Identifying people with post-COVID condition using linked, population-based administrative health data from Manitoba, Canada: prevalence and predictors in a cohort of COVID-positive individuals

Affiliations

Identifying people with post-COVID condition using linked, population-based administrative health data from Manitoba, Canada: prevalence and predictors in a cohort of COVID-positive individuals

Alan Katz et al. BMJ Open. .

Abstract

Objective: Many individuals exposed to SARS-CoV-2 experience long-term symptoms as part of a syndrome called post-COVID condition (PCC). Research on PCC is still emerging but is urgently needed to support diagnosis, clinical treatment guidelines and health system resource allocation. In this study, we developed a method to identify PCC cases using administrative health data and report PCC prevalence and predictive factors in Manitoba, Canada.

Design: Cohort study.

Setting: Manitoba, Canada.

Participants: All Manitobans who tested positive for SARS-CoV-2 during population-wide PCR testing from March 2020 to December 2021 (n=66 365) and were subsequently deemed to have PCC based on International Classification of Disease-9/10 diagnostic codes and prescription drug codes (n=11 316). Additional PCC cases were identified using predictive modelling to assess patterns of health service use, including physician visits, emergency department visits and hospitalisation for any reason (n=4155).

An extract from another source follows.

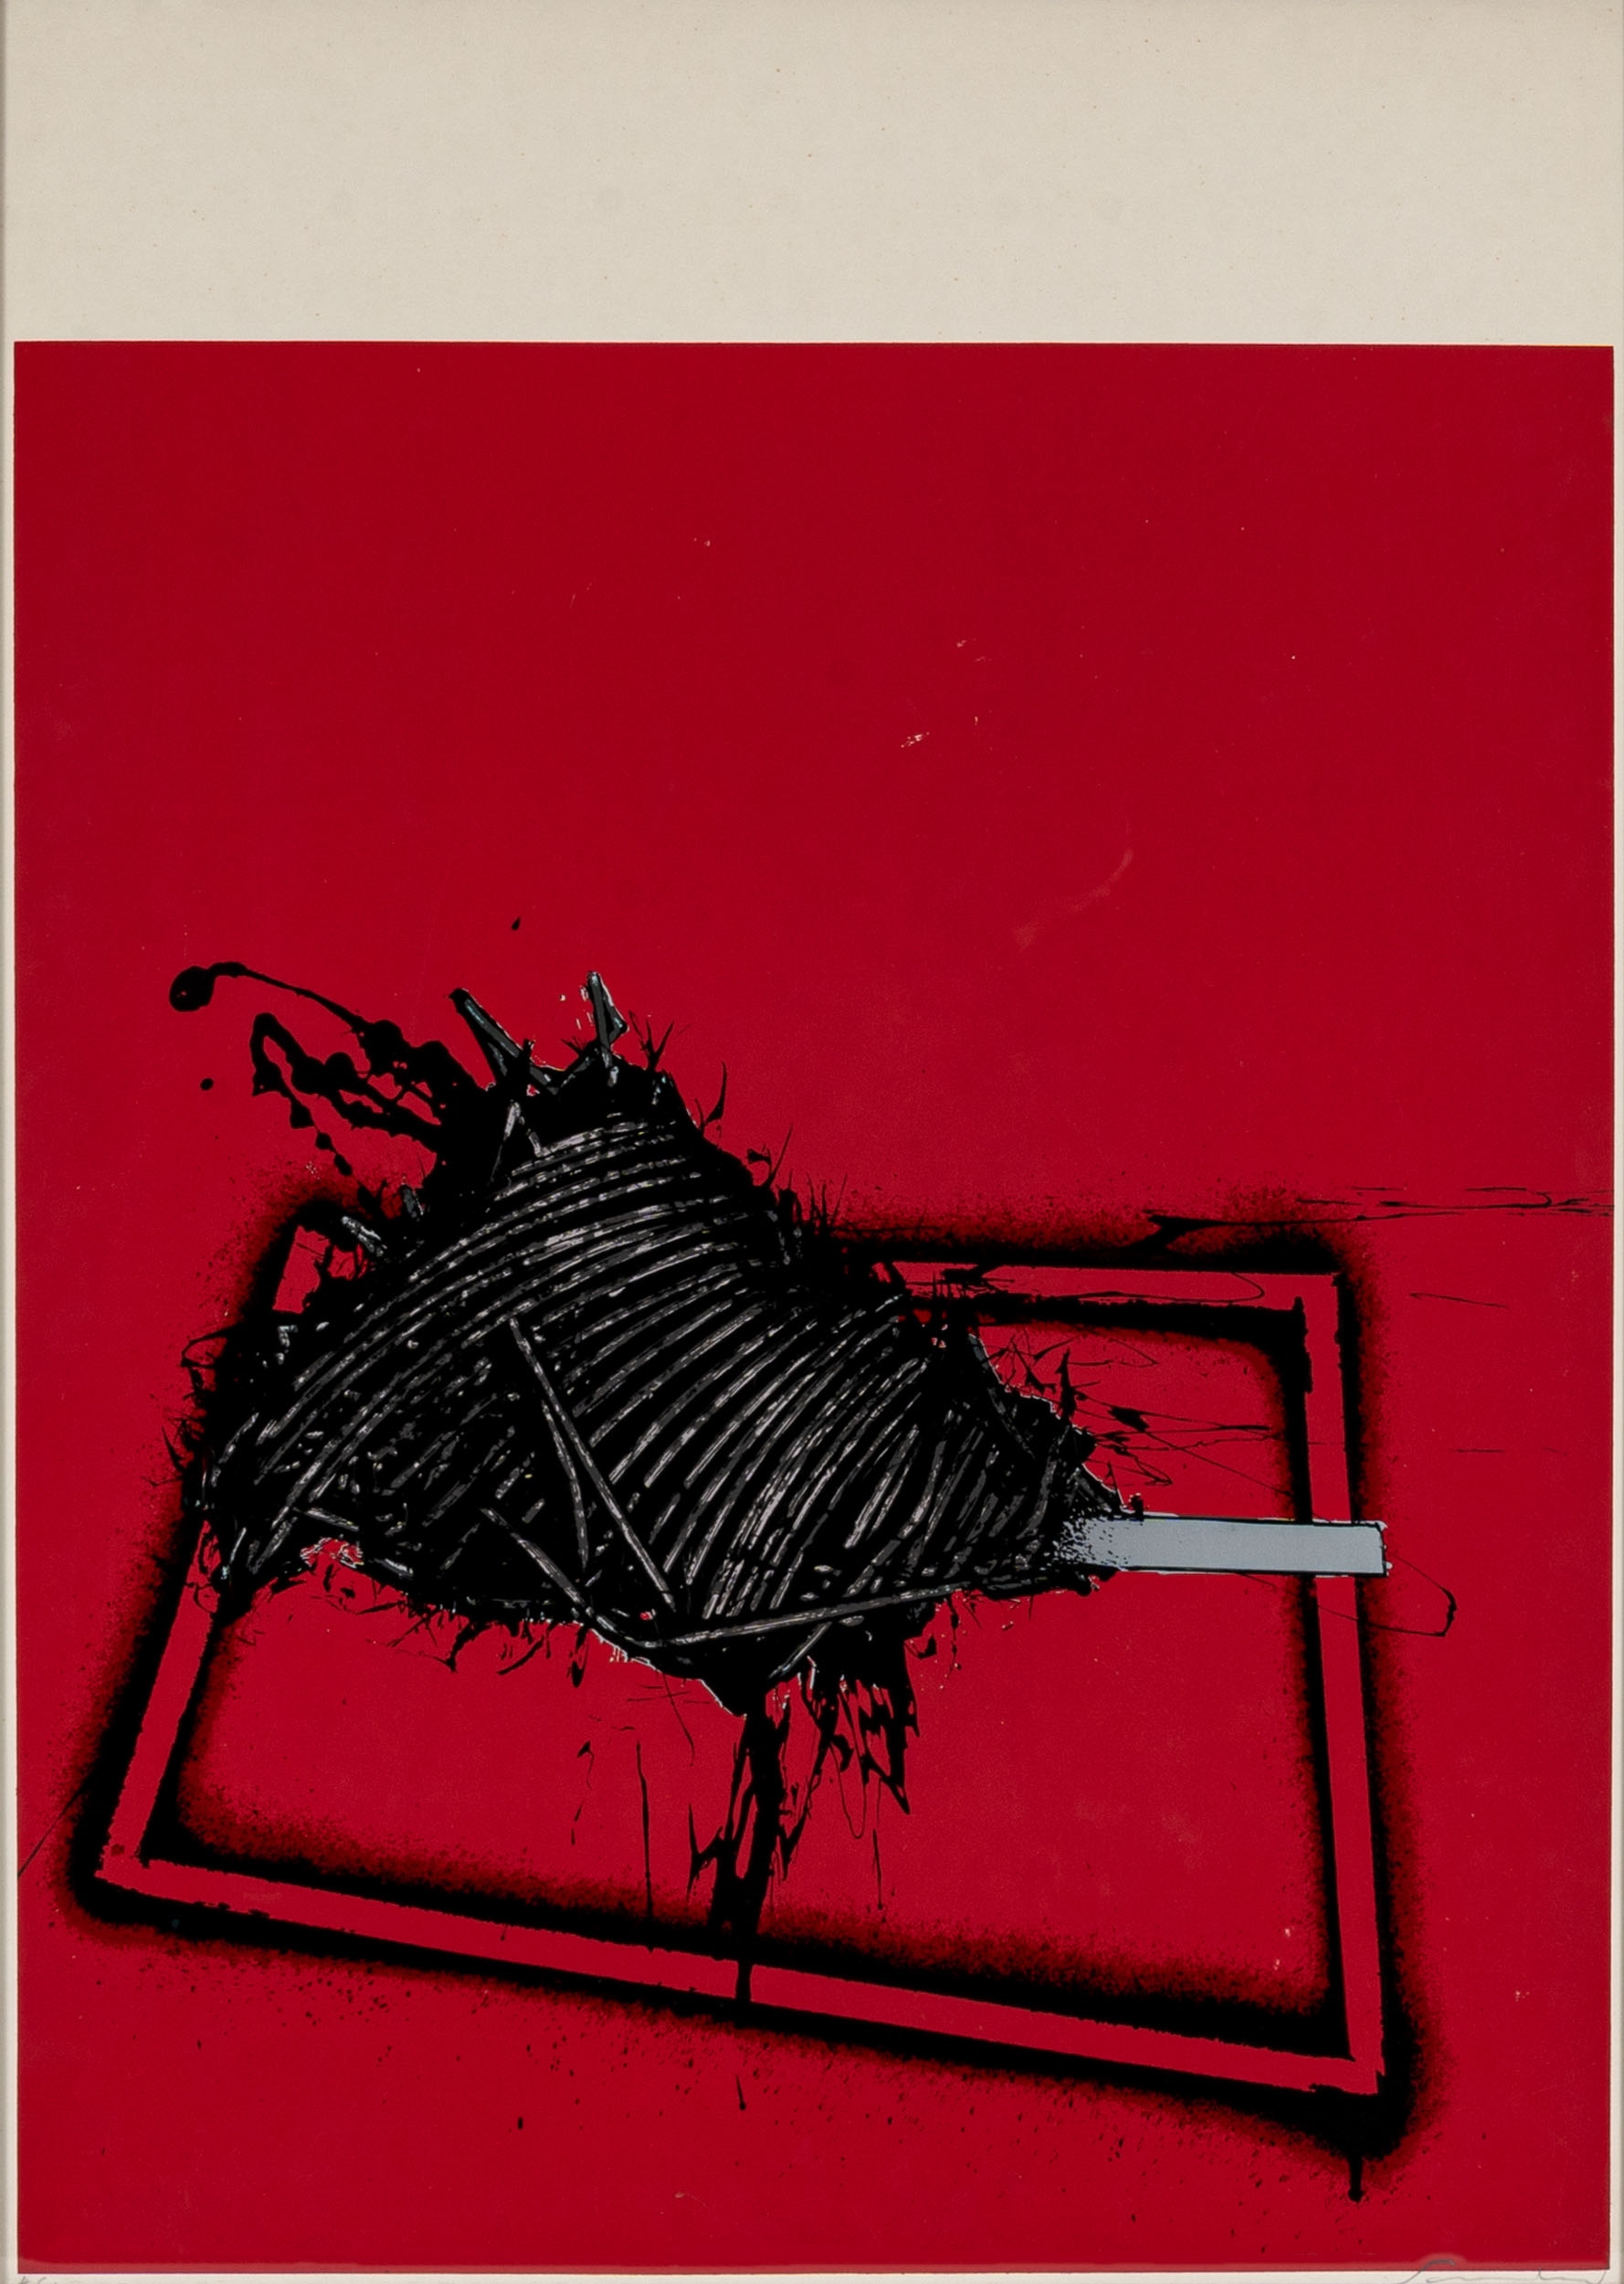 Artwork by Emilio Scanavino, Untitled, Made of Lithograph

Outcomes: We measured PCC prevalence as % PCC cases among Manitobans with positive tests and identified predictive factors associated with PCC by calculating odds ratios with 95% confidence intervals, adjusted for sociodemographic and clinical characteristics (aOR).

Results: Among 66 365 Manitobans with positive tests, we identified 15 471 (23%) as having PCC. Being female (aOR 1.64, 95% CI 1.58 to 1.71), being age 60-79 (aOR 1.33, 95% CI 1.25 to 1.41) or age 80+ (aOR 1.62, 95% CI 1.46 to 1.80), being hospitalised within 14 days of COVID-19 infection (aOR 1.95, 95% CI 1.80 to 2.10) and having a Charlson Comorbidity Index of 1+ (aOR 1.95, 95% CI 1.78 to 2.14) were predictive of PCC. Receiving 1+ doses of the COVID-19 vaccine (one dose, aOR 0.80, 95% CI 0.74 to 0.86; two doses, aOR 0.29, 95% CI 0.22 to 0.31) decreased the odds of PCC.

Conclusions: This data-driven approach expands our understanding of the prevalence and epidemiology of PCC and may be applied in other jurisdictions with population-based data. The study provides additional insights into risk and protective factors for PCC to inform health system planning and service delivery.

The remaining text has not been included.